=== Exercise details ===
Nothing but the pictures is dropped; write out all the remaining data below exactly.

=== Raw data ===
- Opening Delimiter -

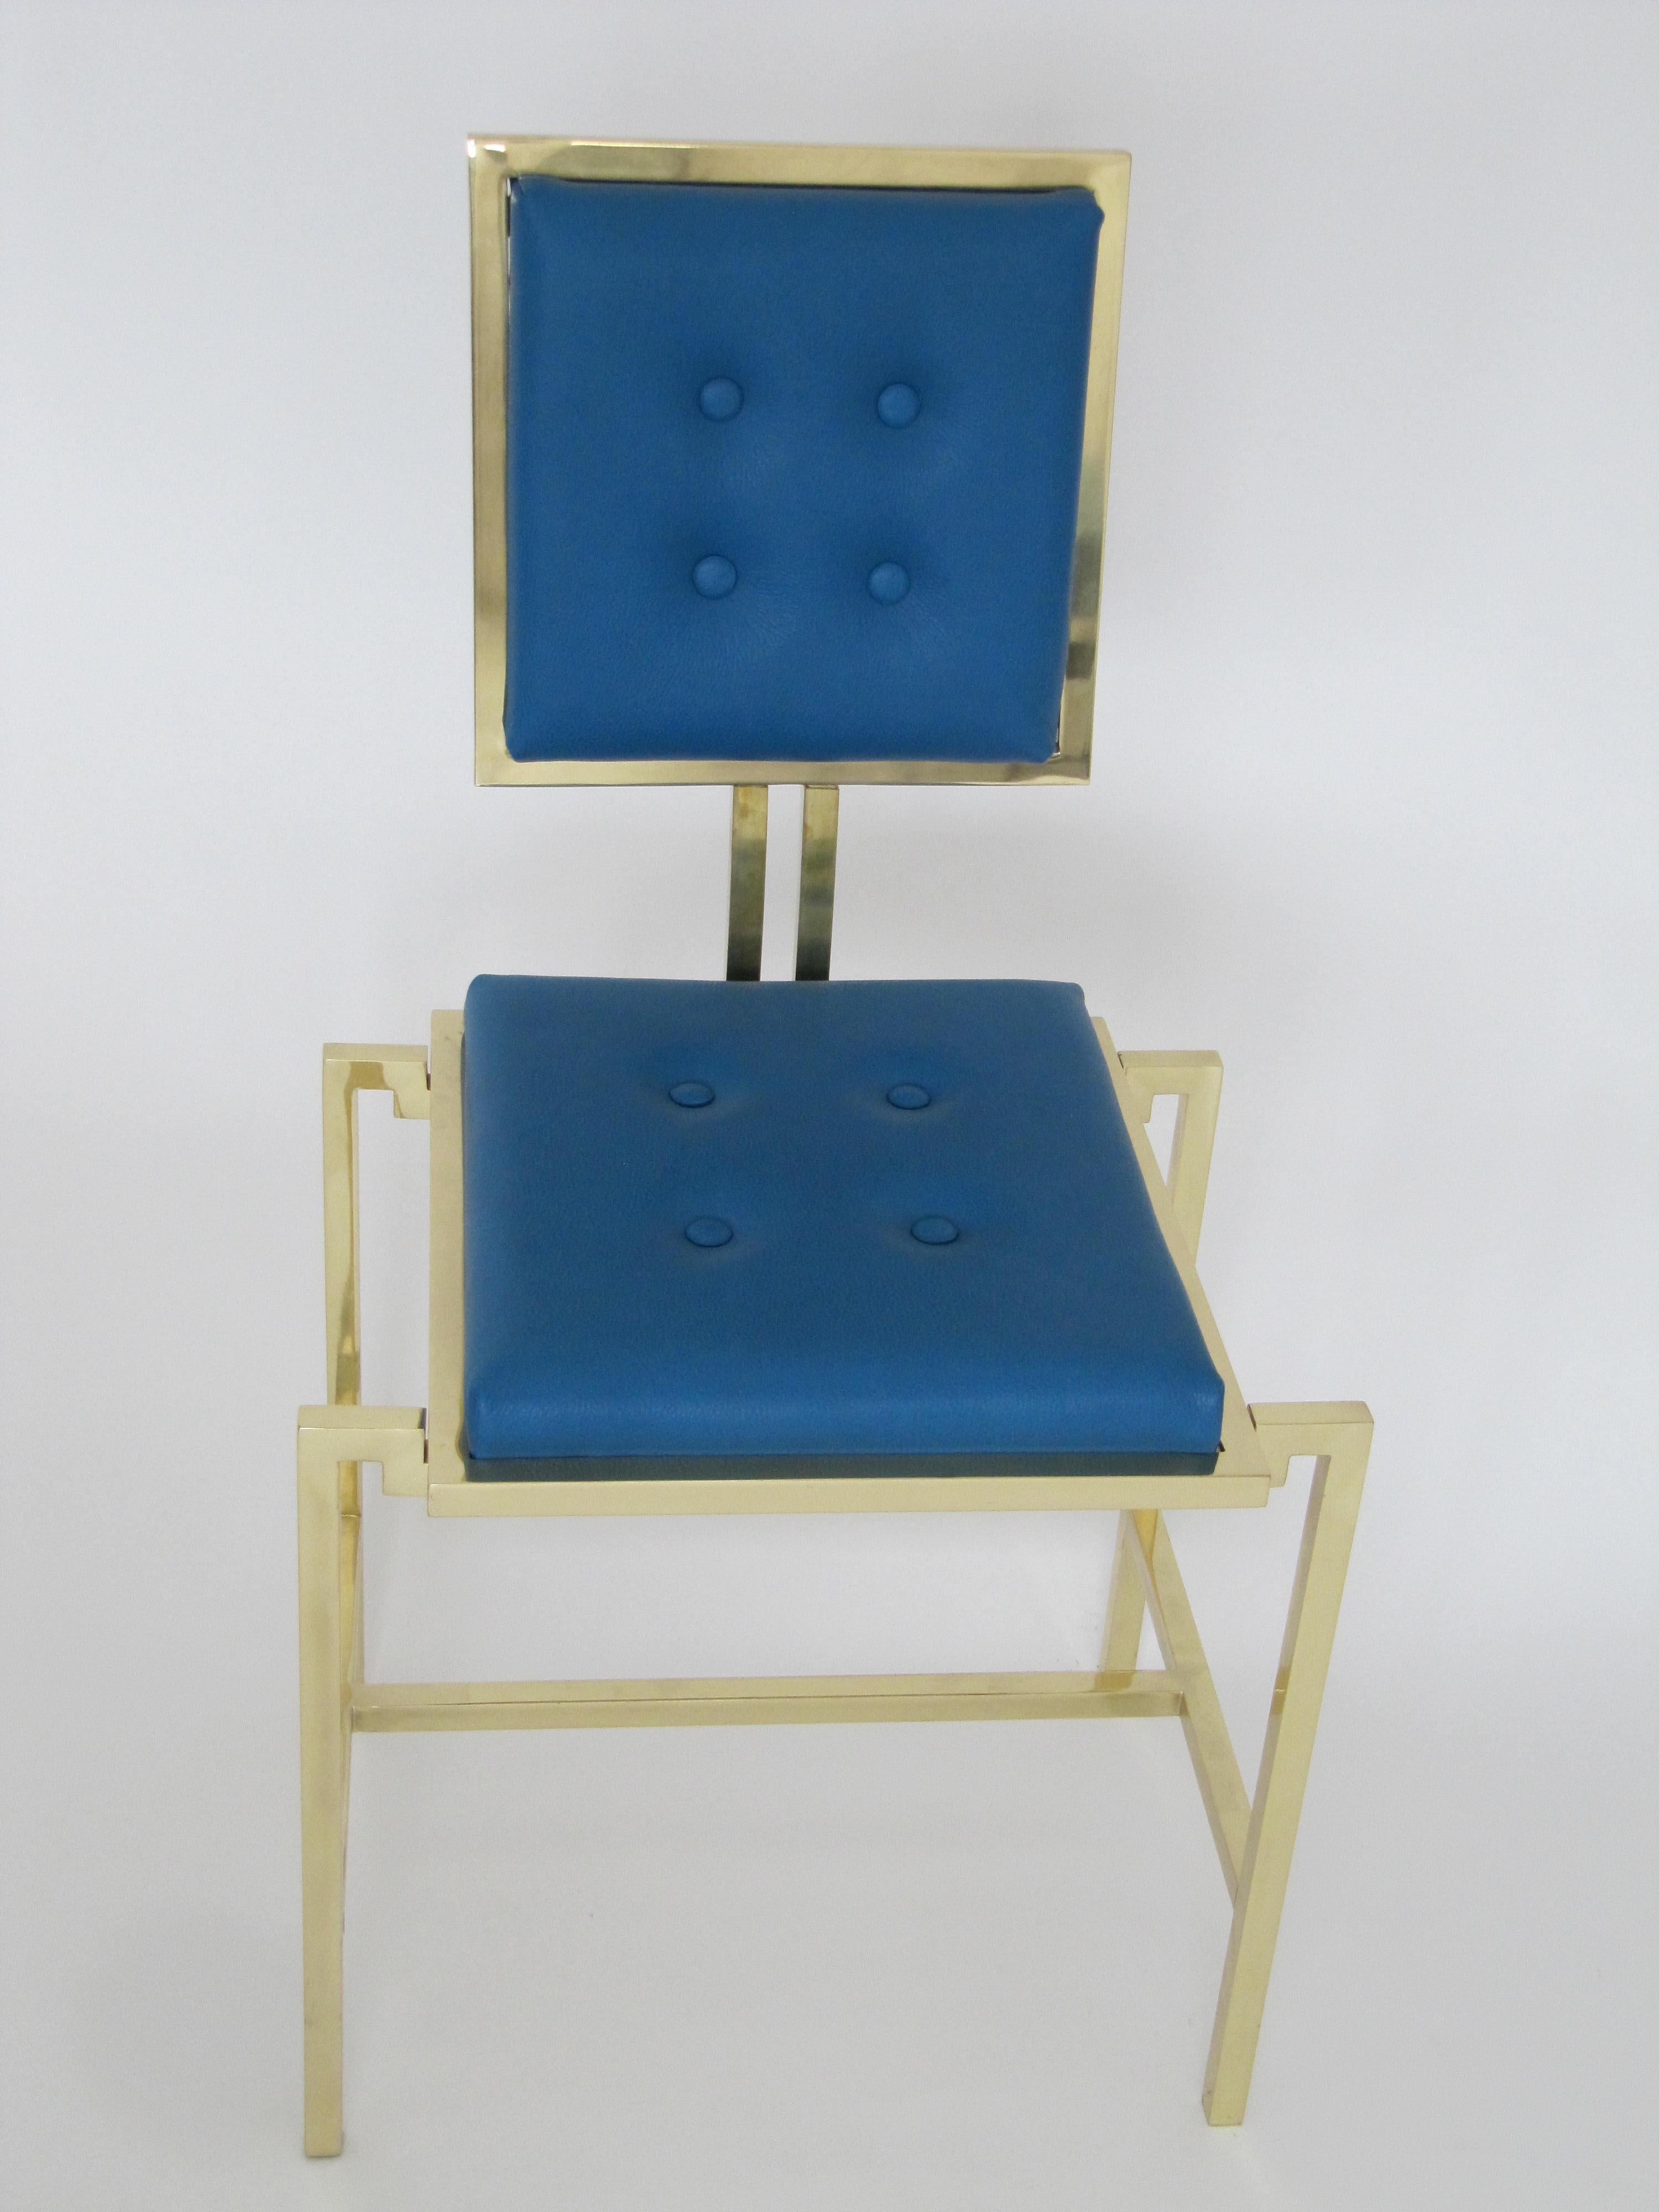 A simple yet elegant chair in authentic blue leather with solid lines framed with gold painted brass. For sophisticated or simple contemporary setting. 

Measures 45 cm x 45 cm x H 100.
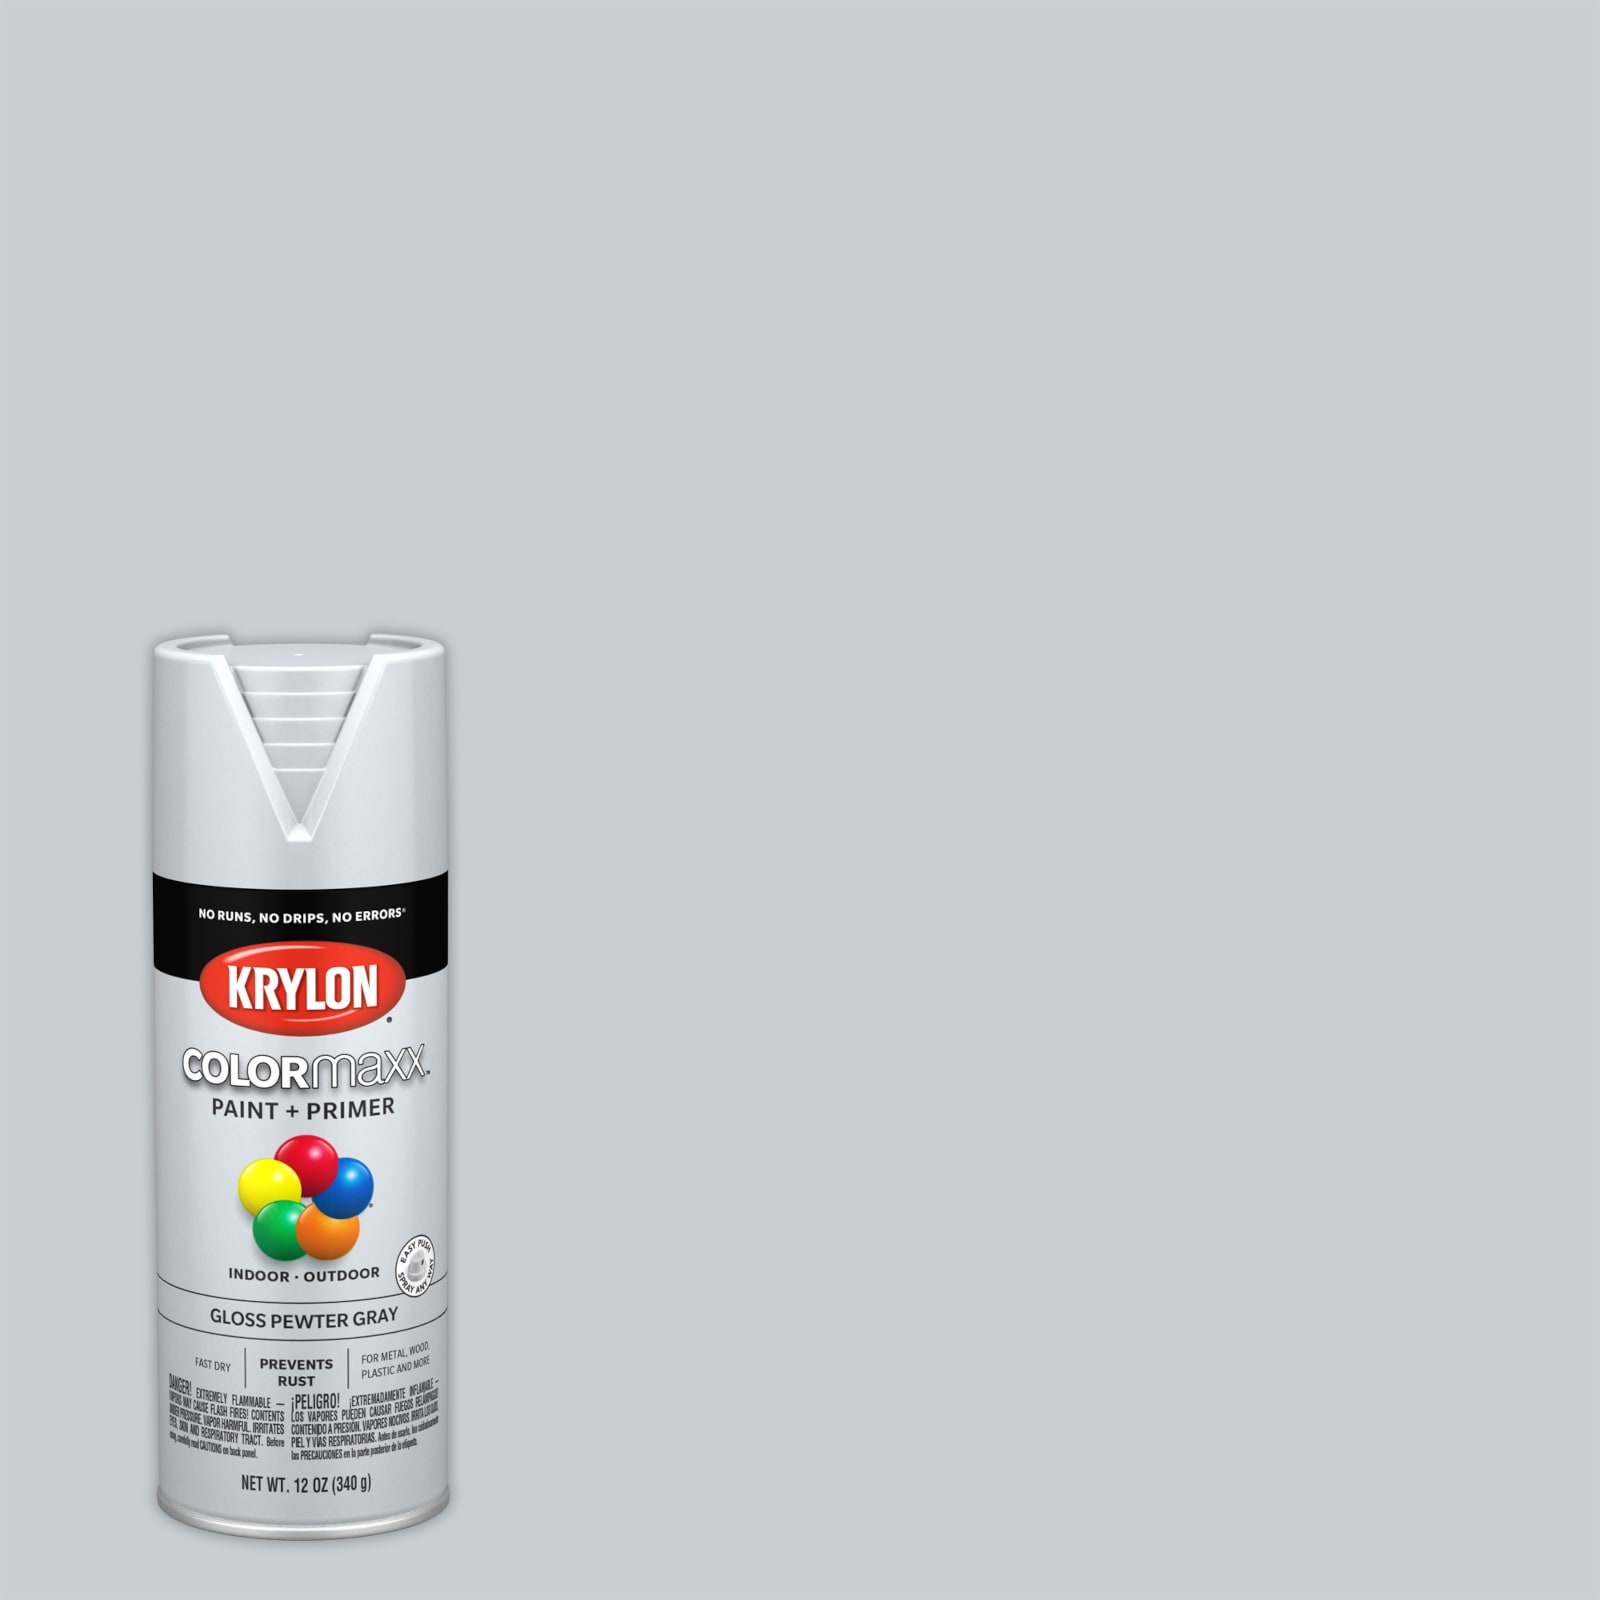 Krylon COLORmaxx Matte Sand Dollar Spray Paint and Primer In One (NET WT.  12-oz) in the Spray Paint department at

- Closing Delimiter -

=== Solution to this problem ===
 A simple yet elegant chair in authentic blue leather with solid lines framed with gold painted brass. For sophisticated or simple contemporary setting. 

Measures 45 cm x 45 cm x H 100.
 Krylon COLORmaxx Matte Sand Dollar Spray Paint and Primer In One (NET WT.  12-oz) in the Spray Paint department at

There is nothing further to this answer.